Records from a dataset
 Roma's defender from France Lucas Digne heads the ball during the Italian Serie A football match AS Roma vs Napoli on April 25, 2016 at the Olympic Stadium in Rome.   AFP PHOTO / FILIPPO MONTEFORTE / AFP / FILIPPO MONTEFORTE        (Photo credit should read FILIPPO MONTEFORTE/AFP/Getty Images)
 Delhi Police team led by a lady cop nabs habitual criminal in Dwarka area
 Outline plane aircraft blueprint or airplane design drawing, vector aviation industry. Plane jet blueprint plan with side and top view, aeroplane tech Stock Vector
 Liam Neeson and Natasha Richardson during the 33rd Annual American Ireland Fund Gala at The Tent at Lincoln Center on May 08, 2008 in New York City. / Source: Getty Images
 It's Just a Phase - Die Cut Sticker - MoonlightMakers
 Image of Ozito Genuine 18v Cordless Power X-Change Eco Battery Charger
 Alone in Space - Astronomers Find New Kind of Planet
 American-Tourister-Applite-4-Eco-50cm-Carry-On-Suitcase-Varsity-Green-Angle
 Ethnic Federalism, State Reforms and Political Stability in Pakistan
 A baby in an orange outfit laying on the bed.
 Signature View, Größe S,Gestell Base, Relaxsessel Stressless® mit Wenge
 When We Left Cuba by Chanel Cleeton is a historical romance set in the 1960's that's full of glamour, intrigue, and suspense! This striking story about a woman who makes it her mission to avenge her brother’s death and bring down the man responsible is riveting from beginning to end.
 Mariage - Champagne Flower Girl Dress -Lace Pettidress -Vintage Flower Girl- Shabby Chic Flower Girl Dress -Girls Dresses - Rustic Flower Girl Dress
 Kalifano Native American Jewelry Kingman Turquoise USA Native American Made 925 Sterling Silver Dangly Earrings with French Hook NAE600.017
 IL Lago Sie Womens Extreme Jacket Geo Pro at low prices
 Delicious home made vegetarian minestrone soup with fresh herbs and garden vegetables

YOUR OBJECTIVE:
Pull out each line of the records holding the string "Images".

REPLY TO THE TASK:
 Roma's defender from France Lucas Digne heads the ball during the Italian Serie A football match AS Roma vs Napoli on April 25, 2016 at the Olympic Stadium in Rome.   AFP PHOTO / FILIPPO MONTEFORTE / AFP / FILIPPO MONTEFORTE        (Photo credit should read FILIPPO MONTEFORTE/AFP/Getty Images)
 Liam Neeson and Natasha Richardson during the 33rd Annual American Ireland Fund Gala at The Tent at Lincoln Center on May 08, 2008 in New York City. / Source: Getty Images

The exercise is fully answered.